Garabedian has connected the dots; he knows that “if it takes a village
to raise a child it takes a village to rape a child”. Director Thomas McCarthy, who has to his
credits another journalism movie: Good
Night and Good Luck, about Edward R. Murrow, along with the TV drama, Boston Public, has somehow made a
compelling drama out of library research and the hunt for court records. As we all know the Devil is in the details; and
the Devil it seems is alive and well in ye old Puritan stronghold, which has
furnished plenty of material from real life and legal proceedings for a long
list of gothic horror stories from the Salem witch trials to the Winter Hill
gang.
This
is a movie about the importance of information, and the importance of the kind
of investigative journalism it takes to discover and piece together fragments
of data into a coherent narrative that demands reform, that pricks the
conscience of the public, that brings to heel powerful institutions, that sends
priests to prison and cardinals into exile.
It is hard to overestimate the importance of this function to a democratic
society; and it is easy to take for granted that it will somehow be done by
somebody. One comes away from this movie
feeling that a vital function of our democracy – “the Fourth Estate” – hangs by
a thread. The spotlight team is nothing
if not a modest bunch – they drive to work in Toyota Camrys, the wear chinos,
rumpled sweaters and bad coiffures; but they do some of the most important work
in this democracy. It makes you wonder
where things are trending in the age of cable news, the facile mix of opinion
and fact, news aggregator services, and slickly produced propaganda presented
as fair and balanced journalism.
Michael
Keaton brings a keen intelligence to the role with a clipped Boston accent. Mark Ruffalo, as Michael Rezendez, from Portuguese
East Boston (another outsider), conveys powerful feelings with close ups of his
face; just as Rachel McAdams, as Sacha Pfeiffer, with her bad hair and rumpled
sweaters, conveys earnestness – they both walk the fine line required of
journalists between involvement and objectivity.

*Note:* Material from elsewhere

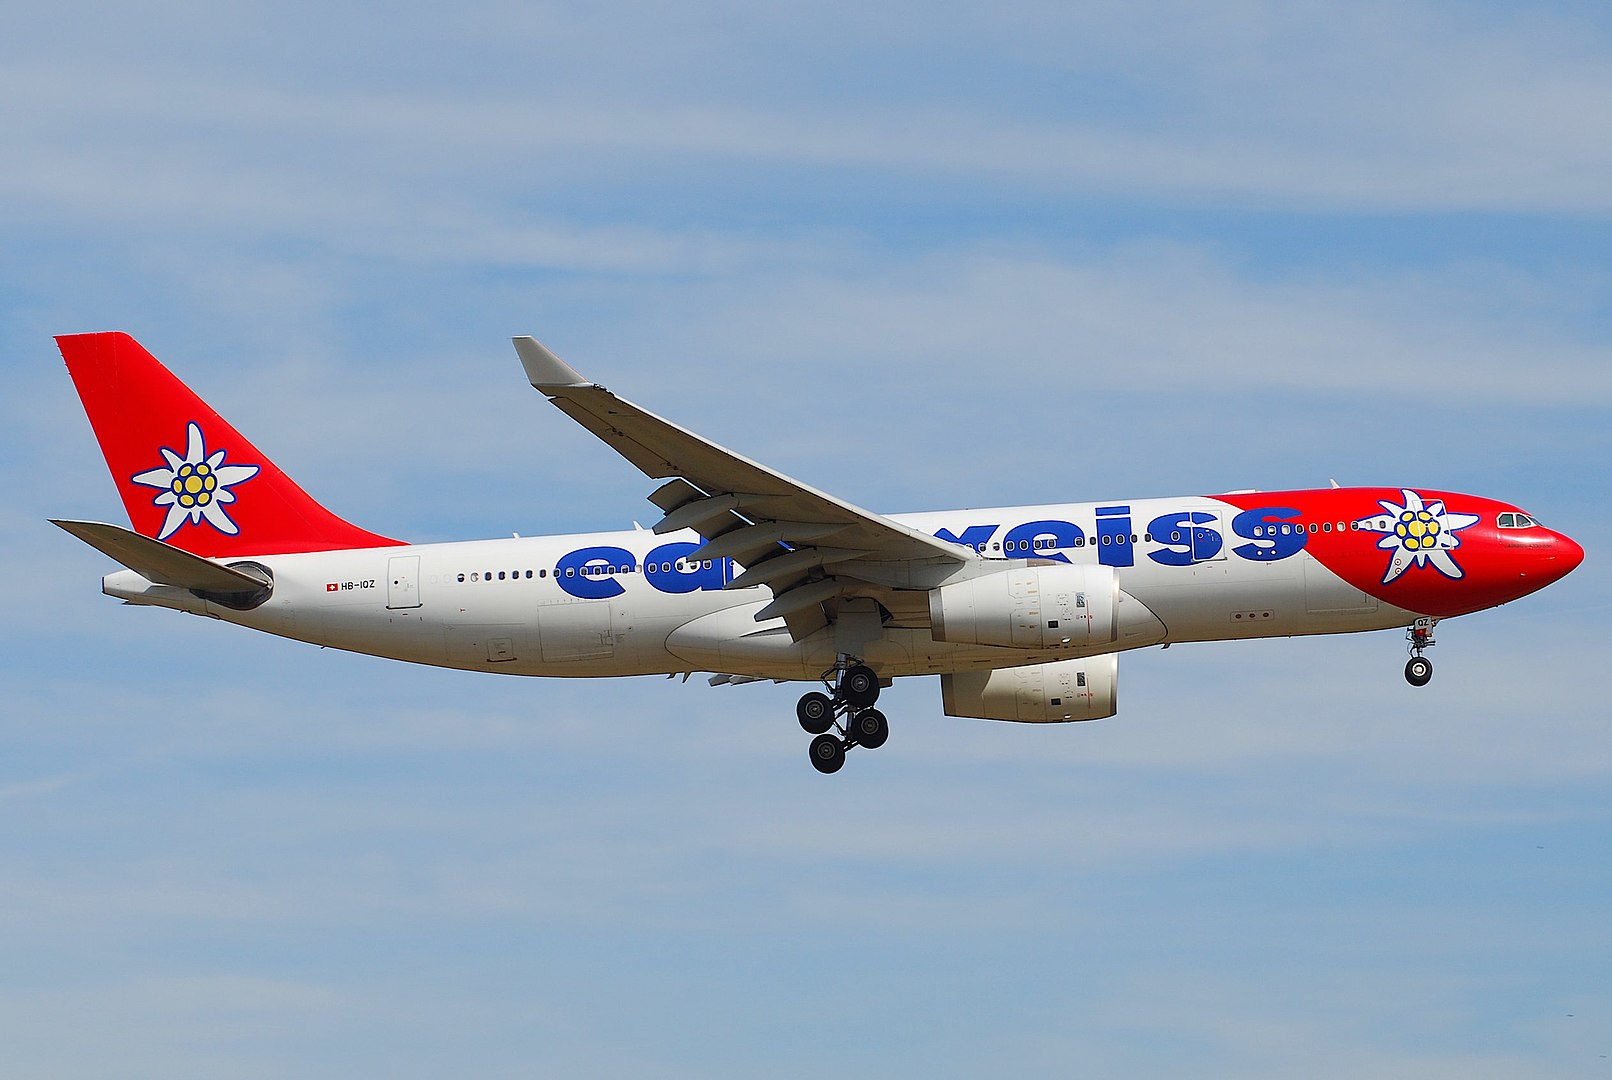 Cette image représente un avion Edelweiss Airlines qui a été retardé et dont les passagers se demandent s'il peuvent obtenir une indemnisation.

John Slattery (of Mad Men) plays Ben Bradlee Jr., whose father was a major player in
exposing the Watergate story at The
Washington Post. But it is Michael
Cyril Creighton who will make you cry for his portrayal of a victim of child abuse. He conveys both the vulnerability and the resilience
of Joe Crowley, a gay boy who was repeatedly raped by the infamous Paul
Shanley, and then passed around to Shanley’s friends. If you are a human being this movie will
bring a tear to your eye and put a gulp in your throat. If you are a Bostonian, or have once lived in
Greater Boston, you absolutely must see
this film; it will rip your heart out and make you feel both shame and
pride. Interspersed in the tepid
applause at the end were the muffled sounds of catharsis: sniffles, sighs,
audible moans. And for those who have
never lived in this great city – you should
see this film, which ends with a
powerful punch in the gut by silently posting an astonishingly long list of
sister cities that have been touched by this scourge, illustrating once again the
power of cinema not only to inform but also to enlighten the public.